> **WHAT IS BEING ASKED**
Which lines of the entries below run from the one holding "حل الاختبار التشخيصي" to the one holding "Không Chỉ Là", inclusive? Set down exactly those lines and no others.

(Extracted records)
══════════════════════════════

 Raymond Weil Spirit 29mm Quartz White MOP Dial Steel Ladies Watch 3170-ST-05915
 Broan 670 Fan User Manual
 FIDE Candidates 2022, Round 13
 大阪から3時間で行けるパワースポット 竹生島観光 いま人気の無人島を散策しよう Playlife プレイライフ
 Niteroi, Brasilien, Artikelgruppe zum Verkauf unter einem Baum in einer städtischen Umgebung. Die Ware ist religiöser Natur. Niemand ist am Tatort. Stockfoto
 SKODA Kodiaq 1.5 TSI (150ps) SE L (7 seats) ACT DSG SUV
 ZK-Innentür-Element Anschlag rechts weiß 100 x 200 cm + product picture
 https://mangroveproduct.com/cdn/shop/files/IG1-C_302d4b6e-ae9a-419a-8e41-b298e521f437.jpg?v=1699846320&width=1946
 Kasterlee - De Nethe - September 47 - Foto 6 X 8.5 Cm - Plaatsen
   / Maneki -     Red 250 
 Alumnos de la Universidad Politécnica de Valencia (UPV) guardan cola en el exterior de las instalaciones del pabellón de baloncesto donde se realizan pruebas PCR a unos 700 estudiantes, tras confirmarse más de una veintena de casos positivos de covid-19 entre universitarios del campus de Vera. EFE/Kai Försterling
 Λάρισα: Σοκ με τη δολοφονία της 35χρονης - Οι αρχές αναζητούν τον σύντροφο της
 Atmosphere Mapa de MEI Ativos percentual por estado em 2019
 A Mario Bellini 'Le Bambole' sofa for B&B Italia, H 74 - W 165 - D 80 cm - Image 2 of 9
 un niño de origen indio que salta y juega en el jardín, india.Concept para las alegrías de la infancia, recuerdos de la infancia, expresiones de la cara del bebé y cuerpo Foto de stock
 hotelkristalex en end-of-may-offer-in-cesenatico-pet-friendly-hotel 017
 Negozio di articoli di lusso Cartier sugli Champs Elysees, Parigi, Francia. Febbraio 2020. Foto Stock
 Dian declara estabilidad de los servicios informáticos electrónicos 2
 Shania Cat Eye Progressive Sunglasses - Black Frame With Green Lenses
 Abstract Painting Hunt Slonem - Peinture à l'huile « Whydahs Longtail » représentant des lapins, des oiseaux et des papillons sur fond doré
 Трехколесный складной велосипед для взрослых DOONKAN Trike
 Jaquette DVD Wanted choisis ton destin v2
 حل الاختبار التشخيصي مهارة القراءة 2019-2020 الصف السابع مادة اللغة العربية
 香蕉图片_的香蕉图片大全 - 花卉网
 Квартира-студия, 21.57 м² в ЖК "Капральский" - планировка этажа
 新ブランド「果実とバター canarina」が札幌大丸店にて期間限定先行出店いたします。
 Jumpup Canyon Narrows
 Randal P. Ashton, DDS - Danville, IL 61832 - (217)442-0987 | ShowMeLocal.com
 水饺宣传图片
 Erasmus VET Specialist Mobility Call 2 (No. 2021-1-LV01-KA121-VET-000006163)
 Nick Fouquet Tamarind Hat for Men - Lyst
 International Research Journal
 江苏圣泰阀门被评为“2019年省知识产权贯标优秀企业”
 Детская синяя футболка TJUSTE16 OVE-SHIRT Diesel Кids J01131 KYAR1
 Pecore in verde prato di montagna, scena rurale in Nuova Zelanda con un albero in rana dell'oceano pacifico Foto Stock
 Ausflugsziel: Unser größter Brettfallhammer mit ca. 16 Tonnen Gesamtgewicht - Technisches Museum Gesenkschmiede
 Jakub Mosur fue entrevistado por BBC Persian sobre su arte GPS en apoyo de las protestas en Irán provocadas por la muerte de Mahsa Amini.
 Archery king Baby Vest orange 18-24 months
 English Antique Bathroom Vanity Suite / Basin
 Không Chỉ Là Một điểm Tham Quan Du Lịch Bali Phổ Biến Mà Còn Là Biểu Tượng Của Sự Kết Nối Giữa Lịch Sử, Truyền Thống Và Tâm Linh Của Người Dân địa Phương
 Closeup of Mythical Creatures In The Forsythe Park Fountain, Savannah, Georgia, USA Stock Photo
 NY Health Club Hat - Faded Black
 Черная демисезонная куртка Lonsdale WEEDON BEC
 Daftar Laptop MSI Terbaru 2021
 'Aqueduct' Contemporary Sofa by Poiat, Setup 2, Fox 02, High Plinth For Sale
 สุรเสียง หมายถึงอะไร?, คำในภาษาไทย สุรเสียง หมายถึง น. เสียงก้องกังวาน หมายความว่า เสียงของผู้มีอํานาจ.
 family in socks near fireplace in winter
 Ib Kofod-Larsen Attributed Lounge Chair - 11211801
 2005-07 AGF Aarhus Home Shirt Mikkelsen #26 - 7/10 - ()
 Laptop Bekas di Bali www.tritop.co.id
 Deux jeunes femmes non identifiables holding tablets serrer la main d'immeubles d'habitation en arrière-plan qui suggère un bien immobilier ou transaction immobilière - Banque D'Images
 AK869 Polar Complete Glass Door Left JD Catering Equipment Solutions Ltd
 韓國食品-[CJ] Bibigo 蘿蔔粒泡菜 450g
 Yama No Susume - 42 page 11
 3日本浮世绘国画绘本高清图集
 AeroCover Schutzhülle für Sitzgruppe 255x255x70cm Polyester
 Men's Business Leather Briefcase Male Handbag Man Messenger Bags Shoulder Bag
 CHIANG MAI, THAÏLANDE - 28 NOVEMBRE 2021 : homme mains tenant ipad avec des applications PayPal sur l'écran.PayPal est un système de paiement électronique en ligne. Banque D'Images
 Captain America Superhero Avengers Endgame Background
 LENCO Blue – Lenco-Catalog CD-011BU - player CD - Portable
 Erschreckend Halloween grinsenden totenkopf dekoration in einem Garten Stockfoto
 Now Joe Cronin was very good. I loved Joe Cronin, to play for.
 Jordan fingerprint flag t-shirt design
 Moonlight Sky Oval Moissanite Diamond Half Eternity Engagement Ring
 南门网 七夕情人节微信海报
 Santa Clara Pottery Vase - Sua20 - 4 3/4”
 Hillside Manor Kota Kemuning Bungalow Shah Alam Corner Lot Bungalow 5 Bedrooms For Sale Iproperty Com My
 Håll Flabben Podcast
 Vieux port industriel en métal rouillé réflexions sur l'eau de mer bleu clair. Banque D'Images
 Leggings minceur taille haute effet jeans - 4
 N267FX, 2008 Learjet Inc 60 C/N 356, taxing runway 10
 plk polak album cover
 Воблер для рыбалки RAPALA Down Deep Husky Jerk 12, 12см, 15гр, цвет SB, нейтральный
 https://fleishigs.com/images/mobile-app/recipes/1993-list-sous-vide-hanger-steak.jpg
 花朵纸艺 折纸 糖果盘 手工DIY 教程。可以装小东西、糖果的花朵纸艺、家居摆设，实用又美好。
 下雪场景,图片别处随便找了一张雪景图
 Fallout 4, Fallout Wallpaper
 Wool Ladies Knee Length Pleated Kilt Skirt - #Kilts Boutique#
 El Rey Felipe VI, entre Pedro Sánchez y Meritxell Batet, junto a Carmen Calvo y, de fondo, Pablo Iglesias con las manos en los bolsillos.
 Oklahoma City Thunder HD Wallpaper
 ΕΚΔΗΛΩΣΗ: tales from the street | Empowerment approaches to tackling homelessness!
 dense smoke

══════════════════════════════

> **TASK OUTPUT**
 حل الاختبار التشخيصي مهارة القراءة 2019-2020 الصف السابع مادة اللغة العربية
 香蕉图片_的香蕉图片大全 - 花卉网
 Квартира-студия, 21.57 м² в ЖК "Капральский" - планировка этажа
 新ブランド「果実とバター canarina」が札幌大丸店にて期間限定先行出店いたします。
 Jumpup Canyon Narrows
 Randal P. Ashton, DDS - Danville, IL 61832 - (217)442-0987 | ShowMeLocal.com
 水饺宣传图片
 Erasmus VET Specialist Mobility Call 2 (No. 2021-1-LV01-KA121-VET-000006163)
 Nick Fouquet Tamarind Hat for Men - Lyst
 International Research Journal
 江苏圣泰阀门被评为“2019年省知识产权贯标优秀企业”
 Детская синяя футболка TJUSTE16 OVE-SHIRT Diesel Кids J01131 KYAR1
 Pecore in verde prato di montagna, scena rurale in Nuova Zelanda con un albero in rana dell'oceano pacifico Foto Stock
 Ausflugsziel: Unser größter Brettfallhammer mit ca. 16 Tonnen Gesamtgewicht - Technisches Museum Gesenkschmiede
 Jakub Mosur fue entrevistado por BBC Persian sobre su arte GPS en apoyo de las protestas en Irán provocadas por la muerte de Mahsa Amini.
 Archery king Baby Vest orange 18-24 months
 English Antique Bathroom Vanity Suite / Basin
 Không Chỉ Là Một điểm Tham Quan Du Lịch Bali Phổ Biến Mà Còn Là Biểu Tượng Của Sự Kết Nối Giữa Lịch Sử, Truyền Thống Và Tâm Linh Của Người Dân địa Phương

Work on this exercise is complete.